Ginny saw signs of a slight curtsy as an obviously pleased little girl reached out a small, thin hand and delicately took the cookie package. Ginny was already on edge from earlier in the day and from the encounter she'd just had with the woman who was still sitting across the path now—and now showing more interest in Ginny and the little girl than she had shown to just Ginny, and Ginny felt herself trembling—on the point of both tears and a nervous giggle. She willed the little girl to turn and run off home, but the girl just stood there and looked at her, a mixed smile and quizzical look on her face.

"What is it, dear? Do you want something else?" Ginny asked. She felt the words clutch at her throat, though. She felt overwhelmed and full of regret for having come to the park.

"Is that a doll?"

"Yes, it's a doll," Ginny said, the tension beginning to drain from her now. She was returning to sure footing.

"What's wrong with it?"

"Nothing's wrong with it. I'm still making it. I make dolls. See," Ginny said, as she lifted the doll. "It's a queen doll."

"Why is the queen so sad?"

It was a simple question, but it shot through to Ginny's very being like a bolt of lightning. She looked at the face of the doll, and indeed, it did look very sad indeed. How could this have happened? This wasn't how she made her dolls. How could she have painted a sad face on the doll and not have known she was doing it?

"She's a queen who led a very sad life, dear." It was the best answer she could come up with on the spur of the moment. And that it was true quite probably wouldn't be either here or there in the view of a child. It did seem to satisfy the little girl, though.

"Do you make happy dolls too? I like happy dolls."

Ginny started to answer, but both she and the little girl looked away, toward the line of row houses on the south side of the square as they heard a woman calling. It was the little girl's mother.
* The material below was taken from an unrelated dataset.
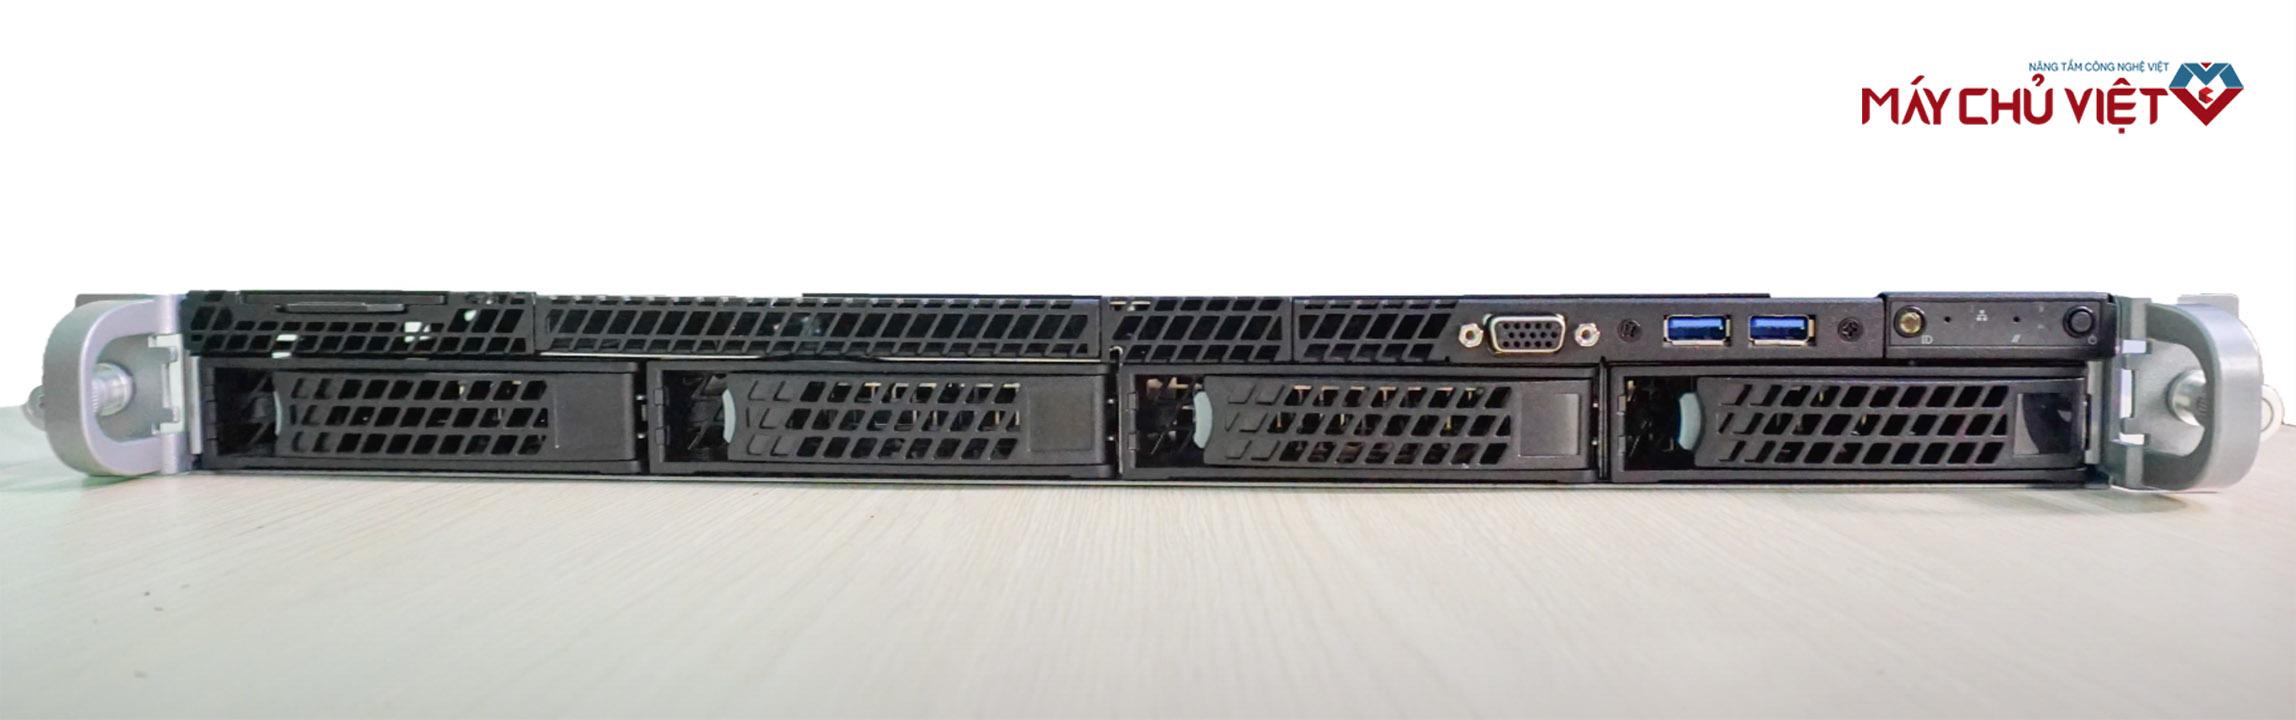 Mặt trước của máy chủ Intel R1304

With a little apologetic smile, the girl turned and limped away.

It was then that Ginny noticed that the girl's legs were malformed—well, at least that one of them was. It was turned outward so that the girl's right foot was pointed at an outward angle rather than straight. She was trying to run to her mother, but she couldn't manage more than an awkward lope and constantly had to correct her movement to remain in some semblance of a straight line.

"Yes, of course I make happy dolls," Ginny murmured as she watched the little girl struggle down the park pathway, her voice choked by a tear that had appeared.

Ginny tore her gaze away from the departing figure of the little girl and looked across the pathway at the woman on the other bench—who now was looking at her sharply.

Was that a judgmental stare? A dare for Ginny to show some emotion, some misplaced sense of pity and charity?

Ginny didn't wait around to find out. She gathered up her doll and what was left of her ruined lunch and hurried across the park in the wake of the little girl and back into her apartment.

She stopped inside the closed door of her apartment, her back plastered to the strong wood separating her from the world, to catch her breath. When she could breathe again, she headed straight for her workroom and scanned the shelves to examine her dolls—the pieces of work in various stages of completion—knowing now what she would find, what she didn't want to see. Sad faces. Every face she had painted on every oblong object of porcelain or wood that represented a doll face in preparation bore a sad expression. These were all faces she's painted since receiving the letter from Lenny.